Simple Versus Complex Carbohydrates
Foods that contain carbohydrates generally fall into two categories: simple carbohydrates and complex carbohydrates.
To understand simple and complex carbohydrates, it is important to know that all carbohydrates are connected in a chain. These chains are either broken down by the body quickly (simple carbohydrates), or the body breaks them down at a slower rate (complex carbohydrates).
Foods that are high in simple carbohydrates include sweeteners such as table sugar, syrup and honey, sweets, jellies and jams, and refined flour. Some fruits, vegetables, beans and dairy contain simple carbohydrates too. The chain for simple carbohydrates is short and, therefore, they are broken down by the body quite quickly.
Interestingly, the short-chain is why simple carbohydrates taste sweeter than complex carbohydrates.
Complex carbohydrates take longer for your body to break down as their connected chain is longer than that of simple carbohydrates. Because it takes longer for the body to break these chains down, your digestion slows, resulting in feeling fuller and more satisfied. Complex carbohydrates can either be in the form of starch or fibre. Foods that are high in complex carbohydrates include rice, pasta, bread, beans, and whole grains.
The Right Carbohydrates
Although your nutrition plan should be developed for your specific carbohydrate needs, there are some carbohydrate choices that you can make to ensure that your intake is nutrient-dense.
For example, it is best to focus on eating more complex carbohydrates from whole food sources such as oats, sweet potatoes, chickpeas, buckwheat, vegetables, beans, and nuts. Foods like these that are not refined tend to be also good sources of fibre, vitamins, minerals and are the kinds of carbohydrates you should aim for in order to lose weight and stay nourished.
It is also important to eat fewer simple carbohydrates from refined sources if you are looking to lose weight safely and effectively. Carbohydrates to avoid include white rice, white bread, and traditional pasta. These foods are more processed and refined and lack fibre. When it comes to weight loss, eat simple carbohydrates in moderation.
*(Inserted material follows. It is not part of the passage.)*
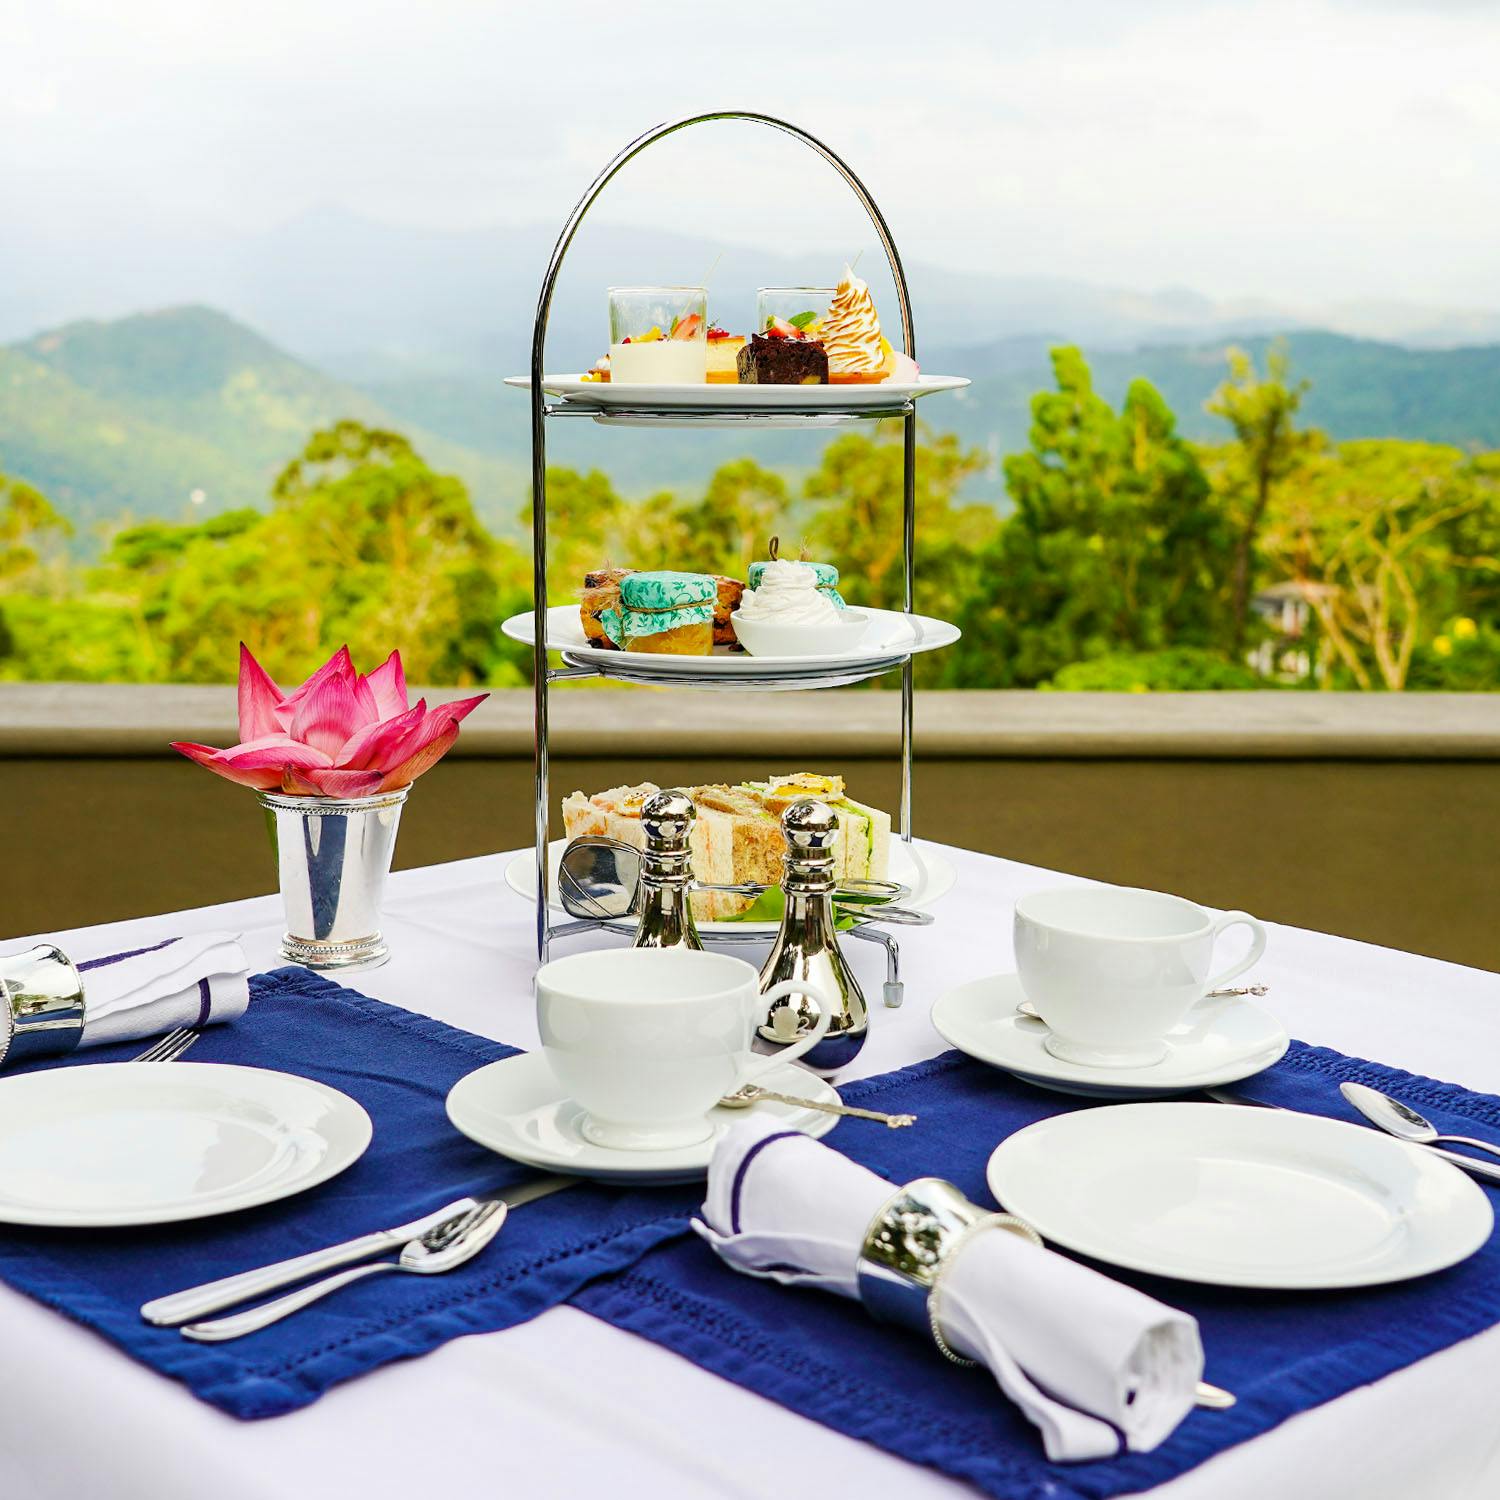 High tea in Kandy Sri Lanka overlooking Hanthana Mountain Range

While understanding how carbohydrates work is important, it is crucial that you also understand that, no matter if a carbohydrate is simple or complex, the volume that you eat must still be within your calorie allowance. Overeating any food will cause weight gain. Working with weight loss specialists, such as Alevere Northampton, will ensure safe and effective weight loss that is right for you and your weight loss goals. Learn more about our Alevere Therapy programme here.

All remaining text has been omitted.